*** Exercise data Section Begins ***

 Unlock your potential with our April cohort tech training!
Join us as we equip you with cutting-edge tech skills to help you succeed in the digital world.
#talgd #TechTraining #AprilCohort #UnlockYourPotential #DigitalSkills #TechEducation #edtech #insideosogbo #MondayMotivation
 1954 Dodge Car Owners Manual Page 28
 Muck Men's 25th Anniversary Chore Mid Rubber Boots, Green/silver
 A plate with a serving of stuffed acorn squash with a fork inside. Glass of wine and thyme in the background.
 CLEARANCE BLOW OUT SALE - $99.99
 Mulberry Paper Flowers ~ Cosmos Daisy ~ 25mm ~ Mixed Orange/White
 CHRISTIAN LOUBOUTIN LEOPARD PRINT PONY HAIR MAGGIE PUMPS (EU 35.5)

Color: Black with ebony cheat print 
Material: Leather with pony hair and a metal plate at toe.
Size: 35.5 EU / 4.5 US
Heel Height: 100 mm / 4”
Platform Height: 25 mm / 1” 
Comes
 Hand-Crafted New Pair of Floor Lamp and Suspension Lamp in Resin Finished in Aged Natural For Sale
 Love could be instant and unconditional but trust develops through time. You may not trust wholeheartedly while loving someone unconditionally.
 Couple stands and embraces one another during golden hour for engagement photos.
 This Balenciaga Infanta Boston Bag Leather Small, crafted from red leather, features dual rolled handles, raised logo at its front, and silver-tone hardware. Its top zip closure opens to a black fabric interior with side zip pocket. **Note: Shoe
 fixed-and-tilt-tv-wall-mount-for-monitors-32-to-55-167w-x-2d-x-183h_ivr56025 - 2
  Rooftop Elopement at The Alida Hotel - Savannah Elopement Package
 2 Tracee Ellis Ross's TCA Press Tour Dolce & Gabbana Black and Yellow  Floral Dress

*** Exercise data Section Ends ***

• [Aim of the task] From the data, pick out every line that includes "Height".

• [Solved exercise]
Heel Height: 100 mm / 4”
Platform Height: 25 mm / 1” 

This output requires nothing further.